Судя по датам гастролей Марии Гай в России, Блок мог увидеть ее и в 1910 году, в год написания стихотворения «Где отдается в длинных залах…»[243]
. М. А. Бекетова свидетельствует: «Осенью [1913 г. –Это свидетельство содержит прямо противоречащие друг другу утверждения. Возможно, они опираются на дневниковую запись Блока от 1 апреля 1913 года: «Вчера <…> вечером – с М. И. Терещенко и Е. И. Терещенко – „Кармен“. Мария Гай не в духе»[245]
.Убедительным выглядит предположение Ю. Е. Галаниной, что Блок в этот вечер слышал Марию Гай не впервые: «Эта актриса выступала в партии Кармен в Петербурге в октябре 1906 и в апреле 1910 гг.»[246]

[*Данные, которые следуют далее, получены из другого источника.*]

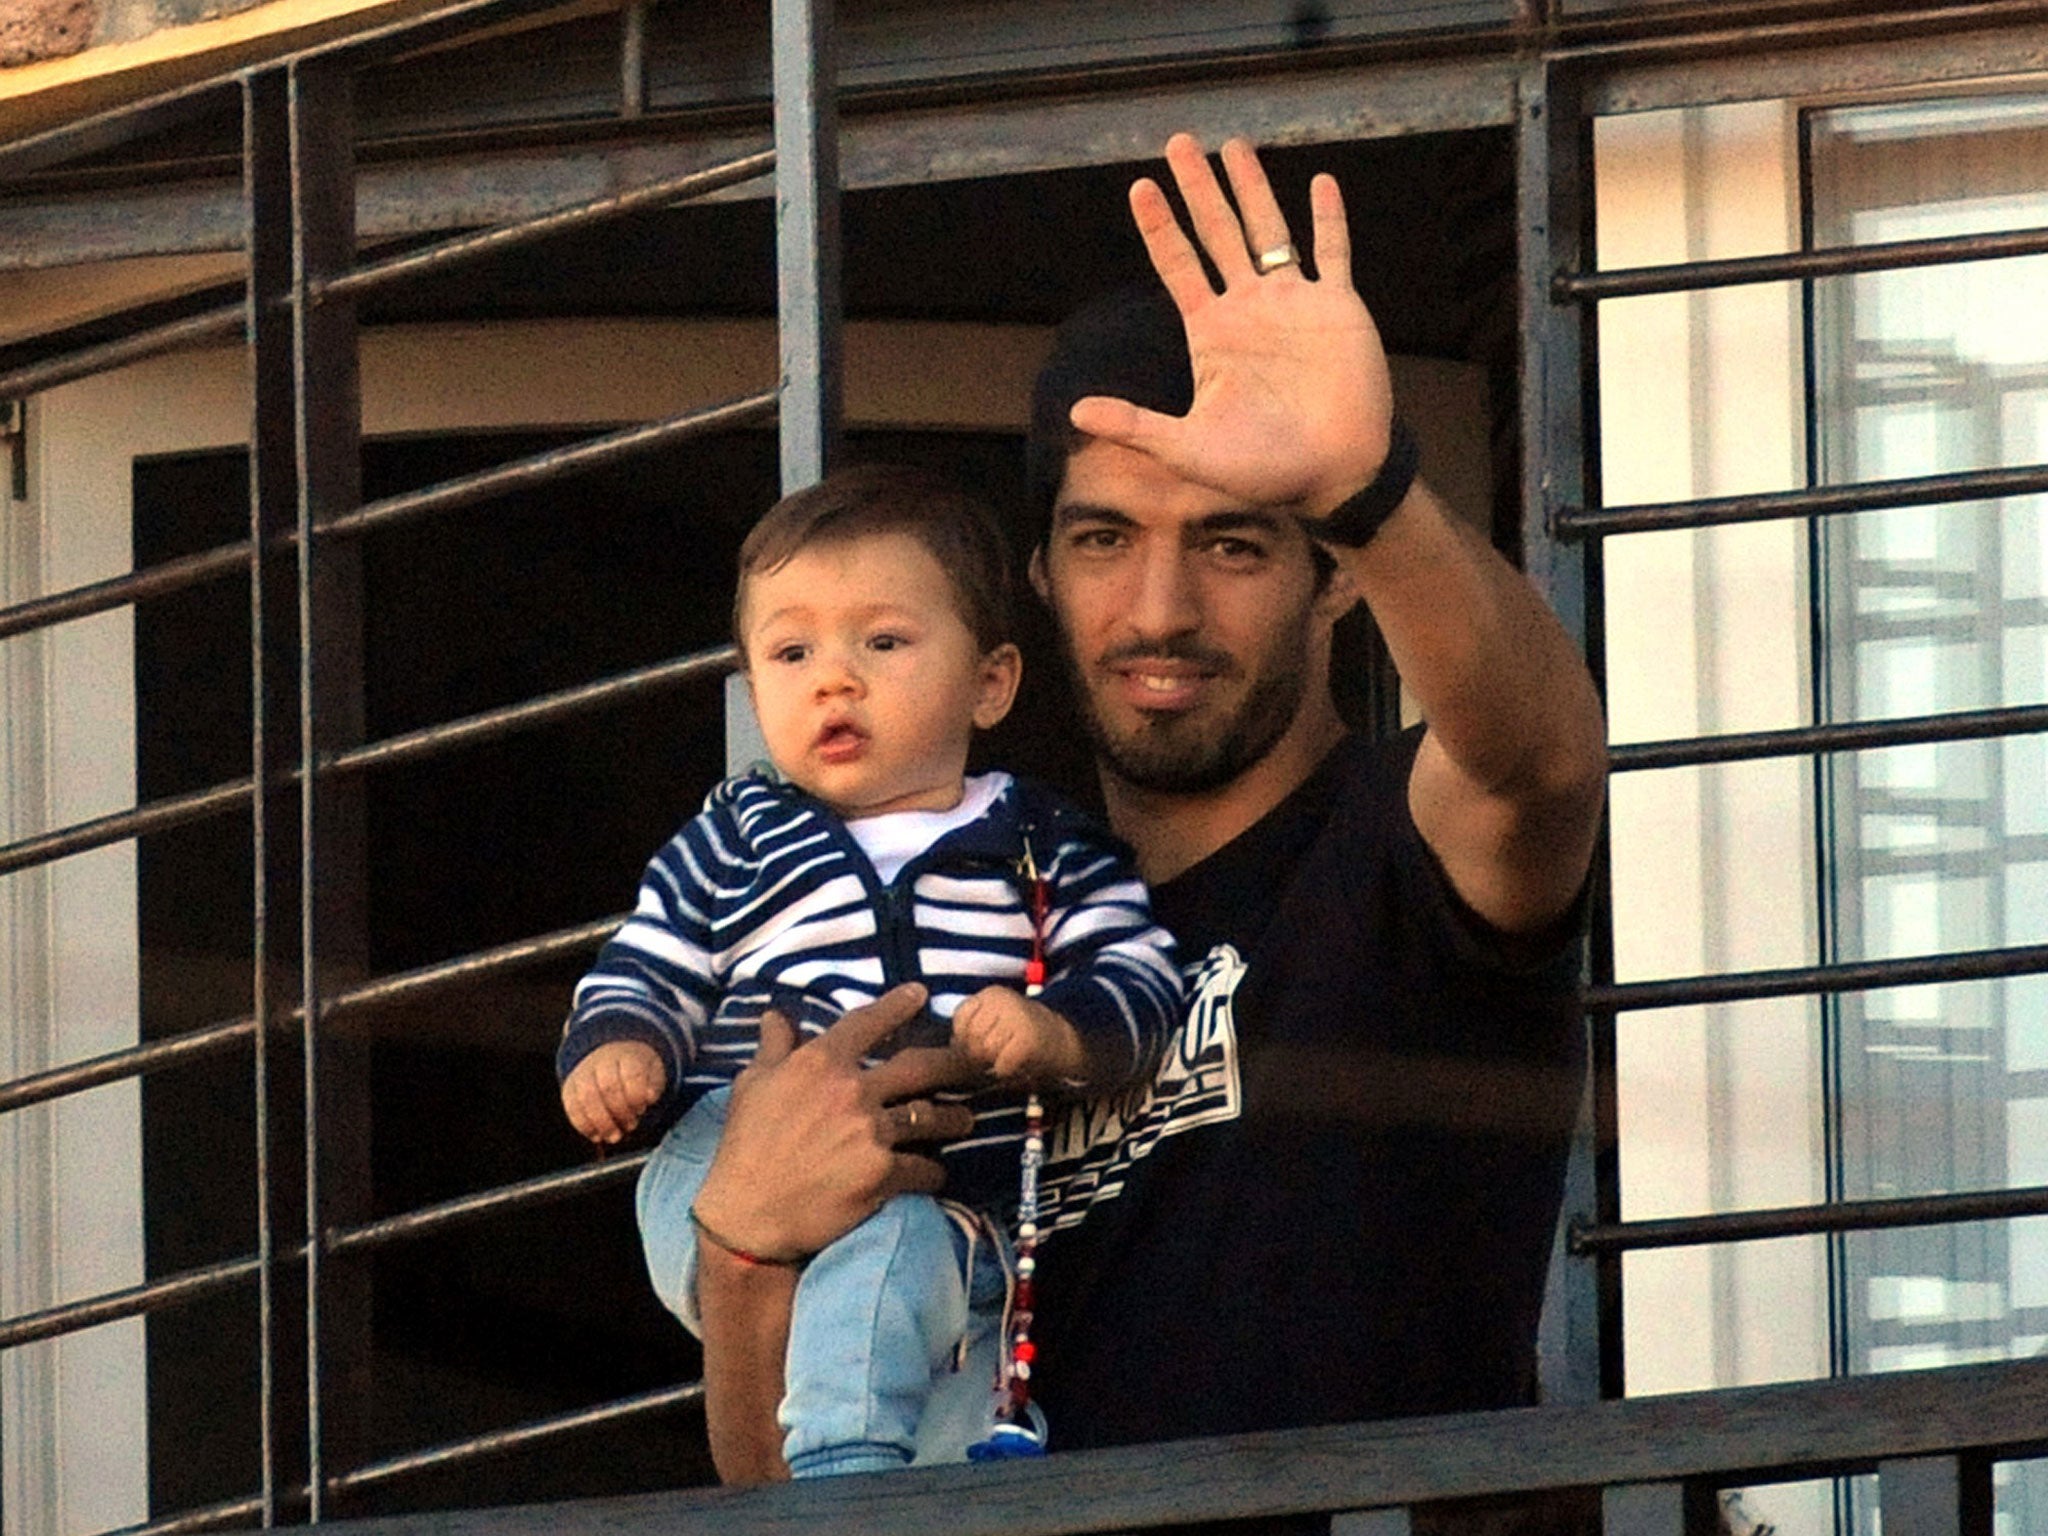 Homecoming: Thousands greet Luis Suarez on return to Uruguay's

. По ее же предположению, слова А. А. Кублицкой-Пиоттух в письме к М. П. Ивановой 29 марта 1914 года: «А Саша опять полюбил Кармен. Он ее так и полюбил во время представлений в Музыкальной драме, во время ее воплощения Кармен»[247], – свидетельствуют о том, что Блок прежде «уже пережил увлечение Кармен»[248]. Правда, с тем же успехом можно предположить, что речь идет о реакции Блока на первые виденные им спектакли с Дельмас в октябре или декабре 1913 года.По признанию Л. А. Дельмас, она «пересмотрела в Париже всех Кармен», и нет сомнения, что она видела Марию Гай на сцене и в Париже, и в Петербурге, хотя, по ее признанию, виденные ею Кармен ее не удовлетворяли: «В них не было ни загадочной таинственности, ни реализма, ни „бури цыганских страстей“. Пусть смутно, но мне рисовался иной тип яростной вольной цыганки»[249]
. Однако надо заметить, что бытовая, почти «хулиганская» стилистика в трактовке образа Кармен была воспринята Дельмас именно от Марии Гай. Судя по заметкам Дельмас на сохранившемся в ее домашнем нотном собрании оперном клавире, она использовала один из жестов Гай-Кармен в первом действии, при исполнении Хабанеры: «Круто поворачивается, садится нога на ногу, левая наверху, вытаскивает нож и начинает чистить апельсин»[250].Здесь можно было бы поставить точку в предыстории цикла «Кармен». Театр Музыкальной драмы не повторяет ни русских, ни европейских постановок, даже перевод либретто заказывается заново[251]
. Но представляется необходимым хотя бы кратко сравнить блоковскую интерпретацию сюжета «Кармен» в стихотворении «Где отдается в длинных залах…» в стихотворном цикле и в дальнейшем введении мотивов «Кармен» в общий автобиографический миф Блока.Прежде всего необходимо указать, что в первом же письме к Л. А. Дельмас 2 марта 1914 года Блок соединяет реальный и оперный сюжет, вспоминая именно сцену с цветком: «Не знаю, какой заколдованный цветок Вы бросили мне, не Вы бросили, но я поймал»[252]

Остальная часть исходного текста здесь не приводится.